■ What is being asked
Pictures in the data below are not part of the copy; transcribe everything else exactly.

Dataset section START

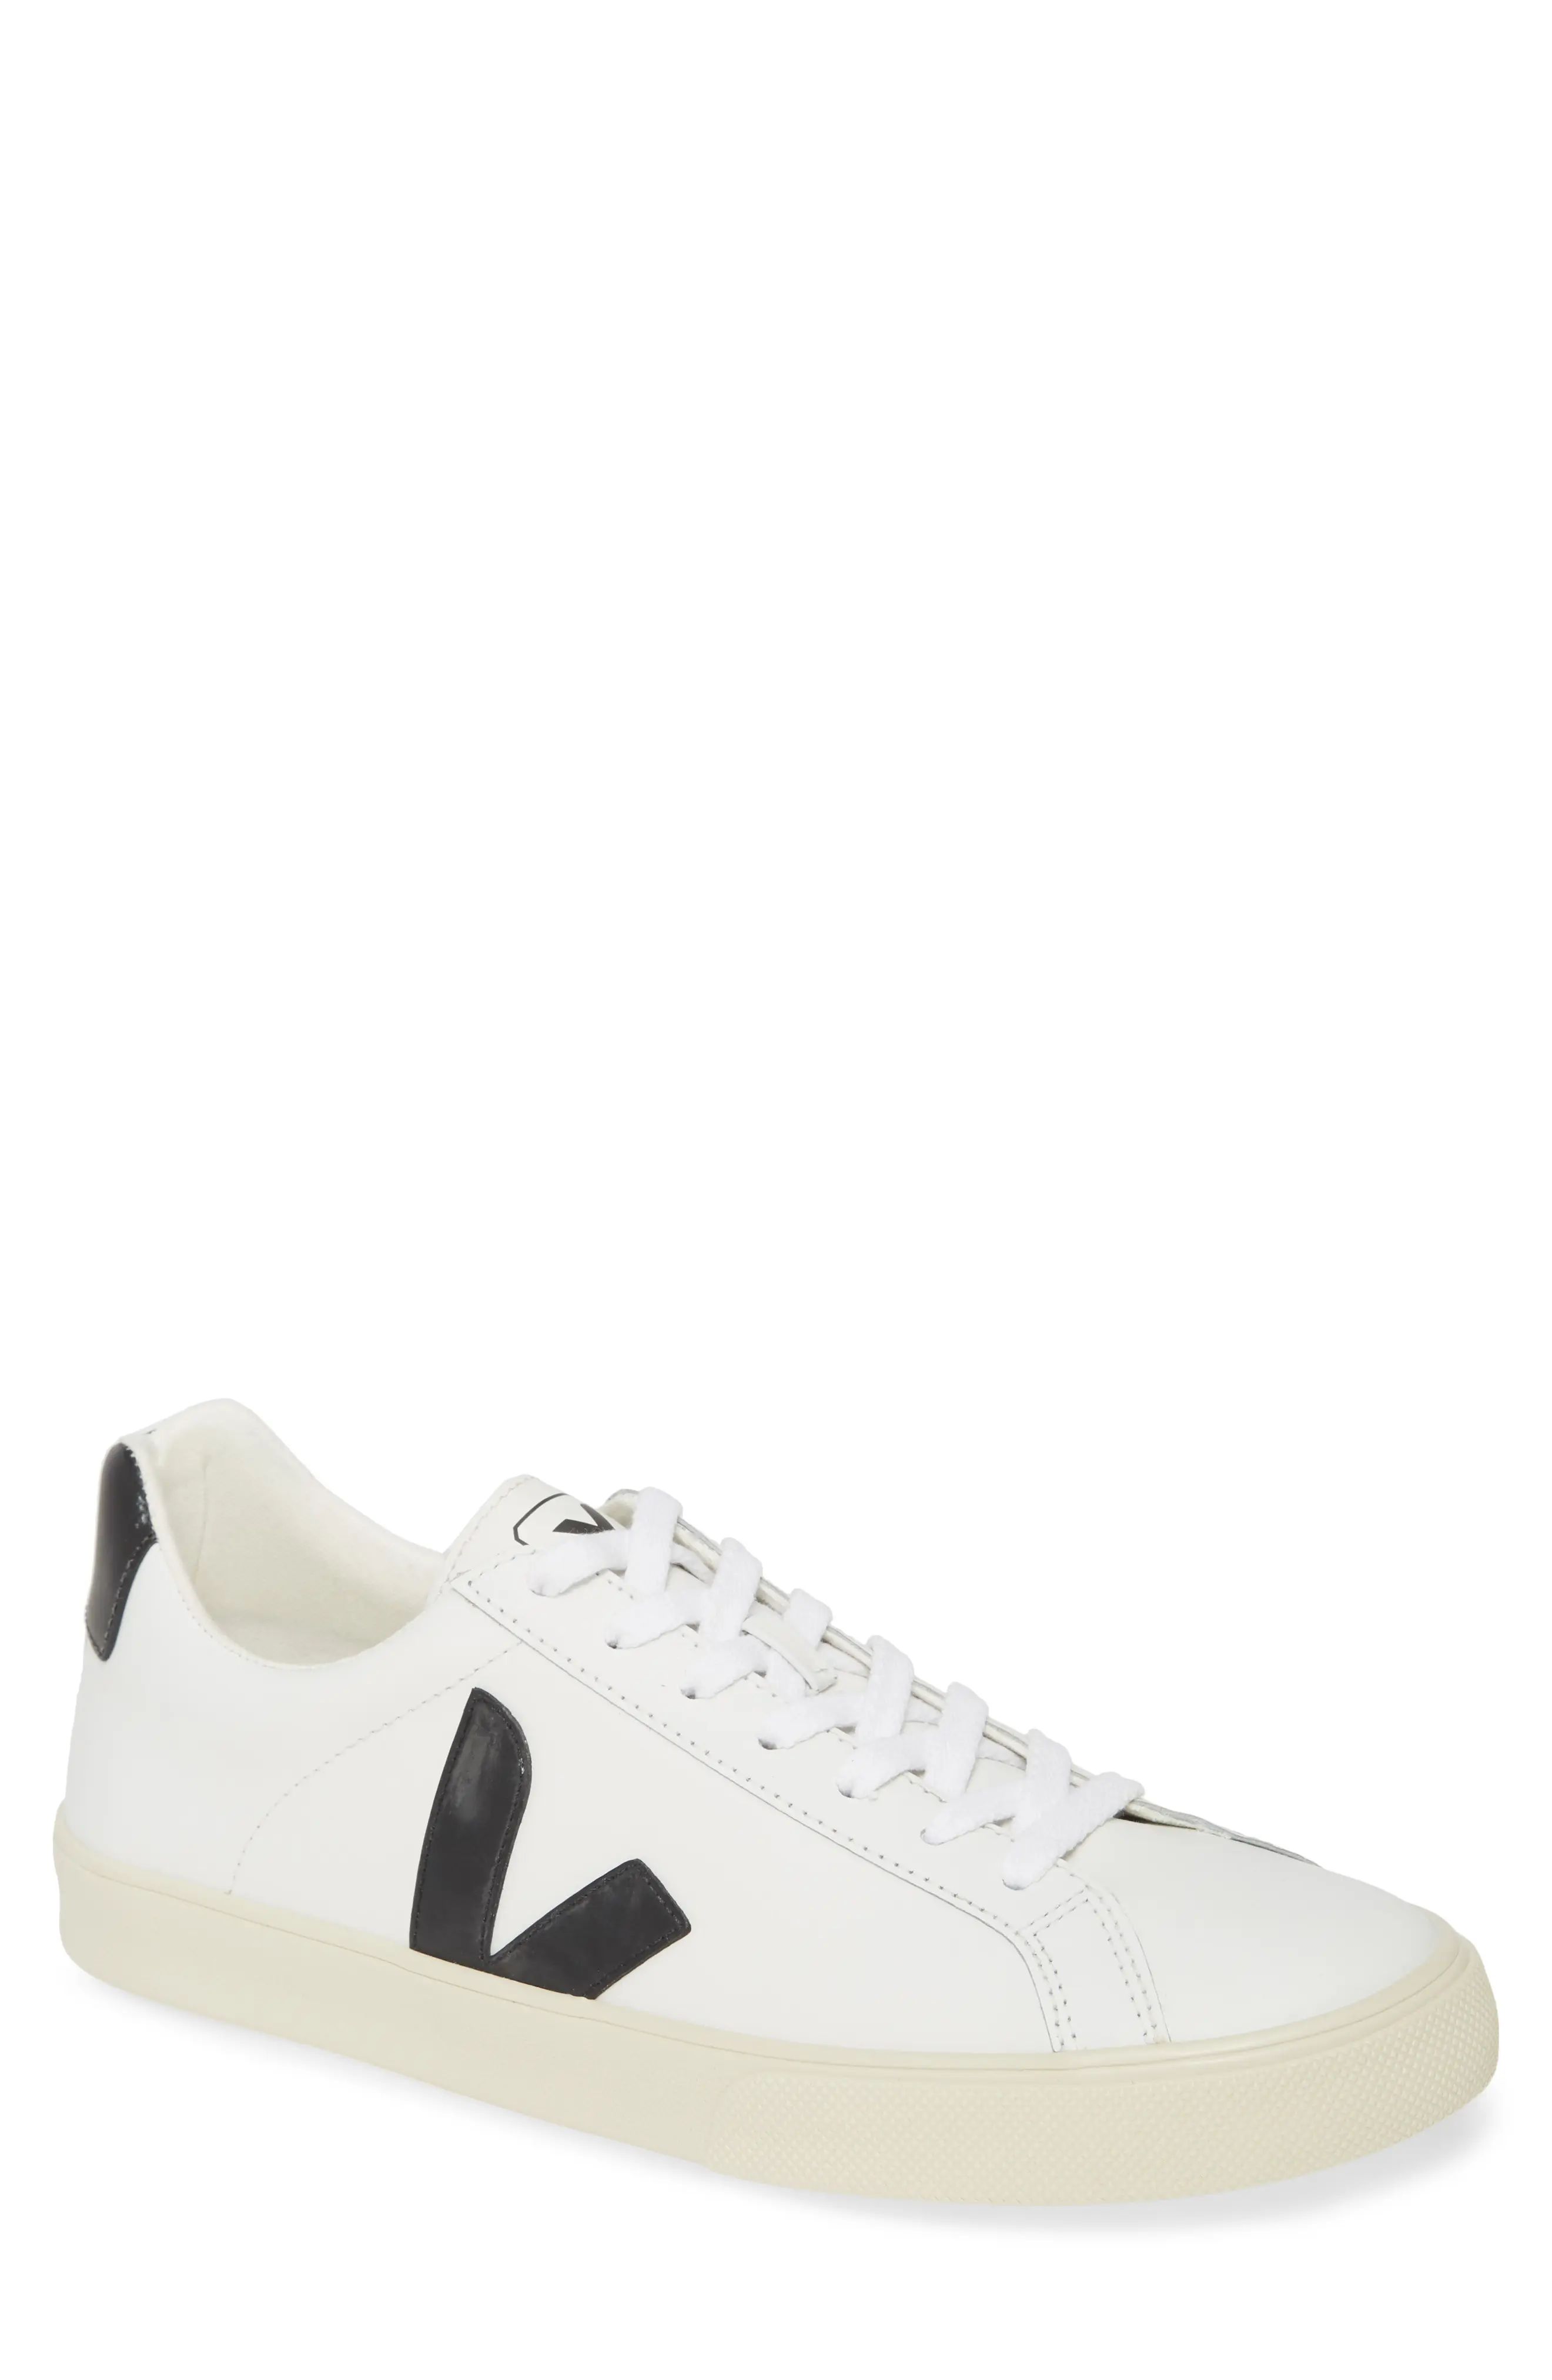 Veja Esplar Sneaker, Size 42EU - White | Nordstrom
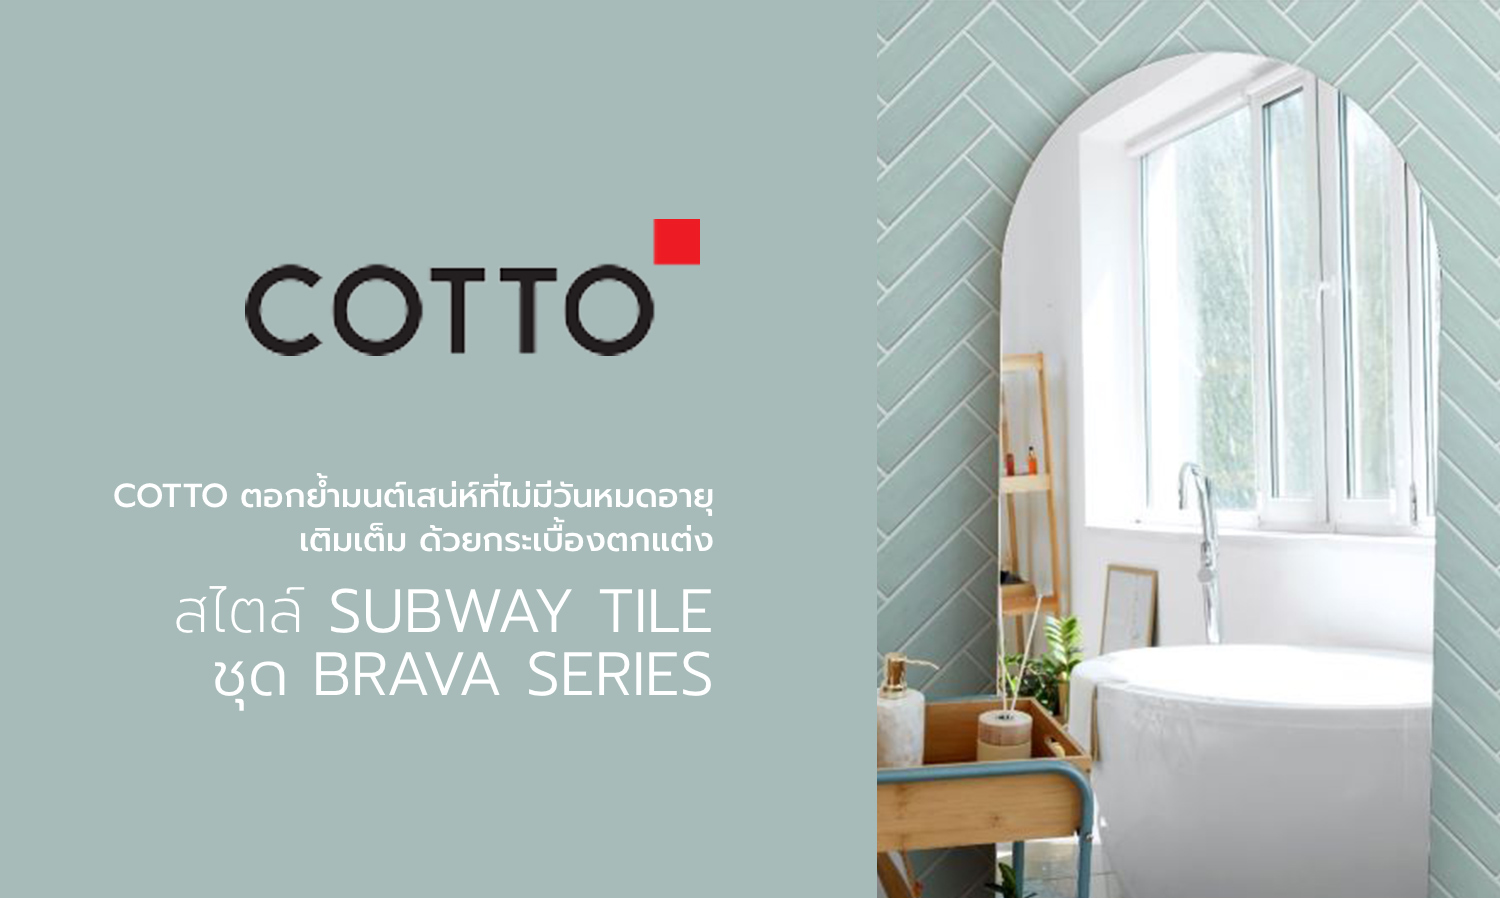 cotto-ตอกย้ำมนต์เสน่ห์ที่ไม่มีวันหมดอายุ-เติมเต็ม-ด้วยกระเบื้องตกแต่ง-สไตล์-subway-tile-ชุด-brava-series-
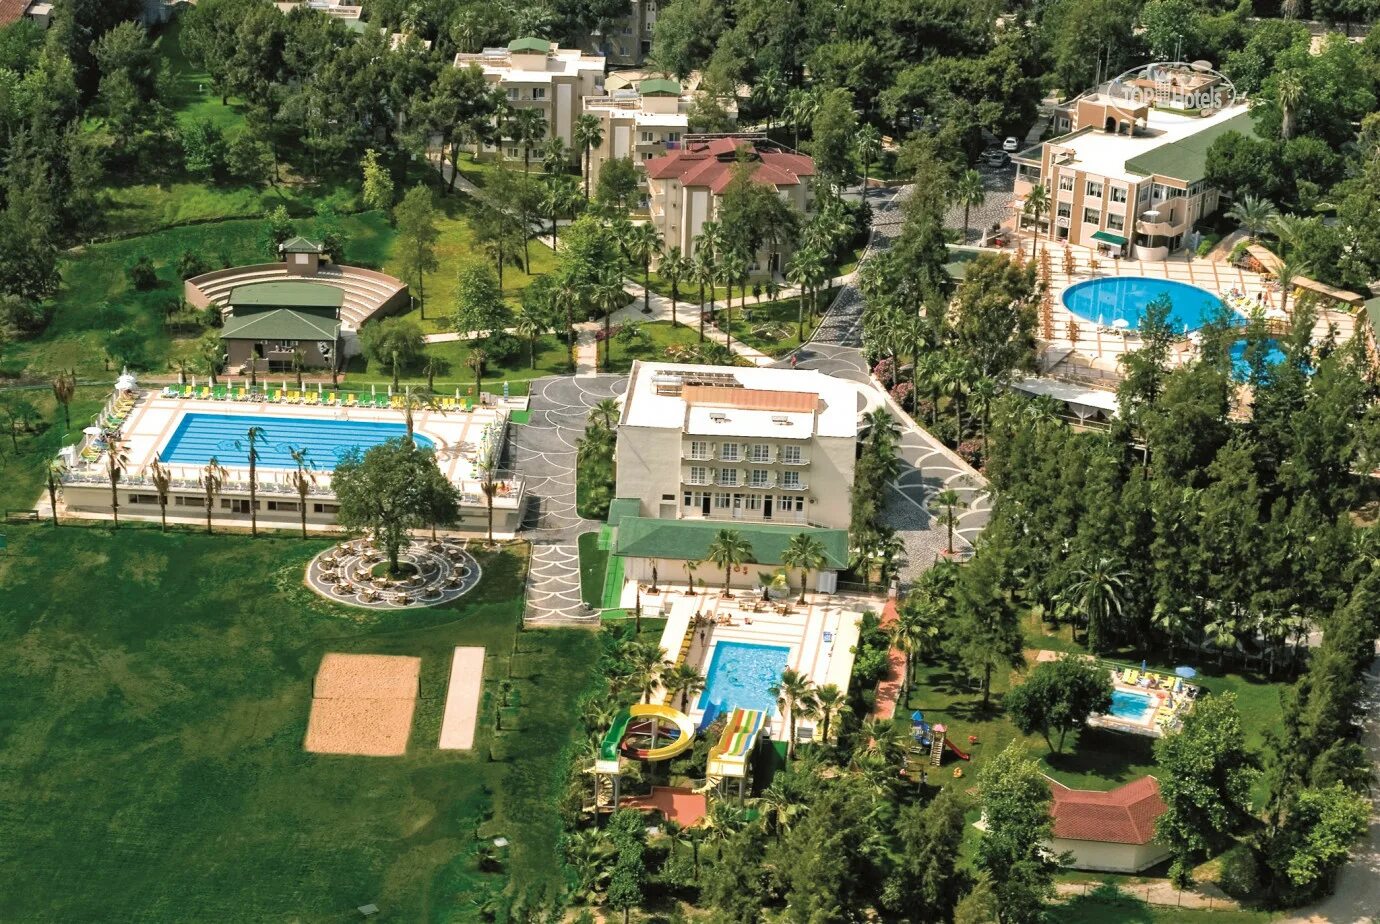 Holiday village 4 отзывы. Турция Club Hotel Sidelya HV-2 4. Club Hotel Sidelya hv2 4 Сиде. Отель Club Hotel Sidelya HV-2. Club Hotel Sidelya HV-2 (Чолаклы).

Dataset section END

■ Answer area
 Veja Esplar Sneaker, Size 42EU - White | Nordstrom
 cotto-ตอกย้ำมนต์เสน่ห์ที่ไม่มีวันหมดอายุ-เติมเต็ม-ด้วยกระเบื้องตกแต่ง-สไตล์-subway-tile-ชุด-brava-series-
 Holiday village 4 отзывы. Турция Club Hotel Sidelya HV-2 4. Club Hotel Sidelya hv2 4 Сиде. Отель Club Hotel Sidelya HV-2. Club Hotel Sidelya HV-2 (Чолаклы).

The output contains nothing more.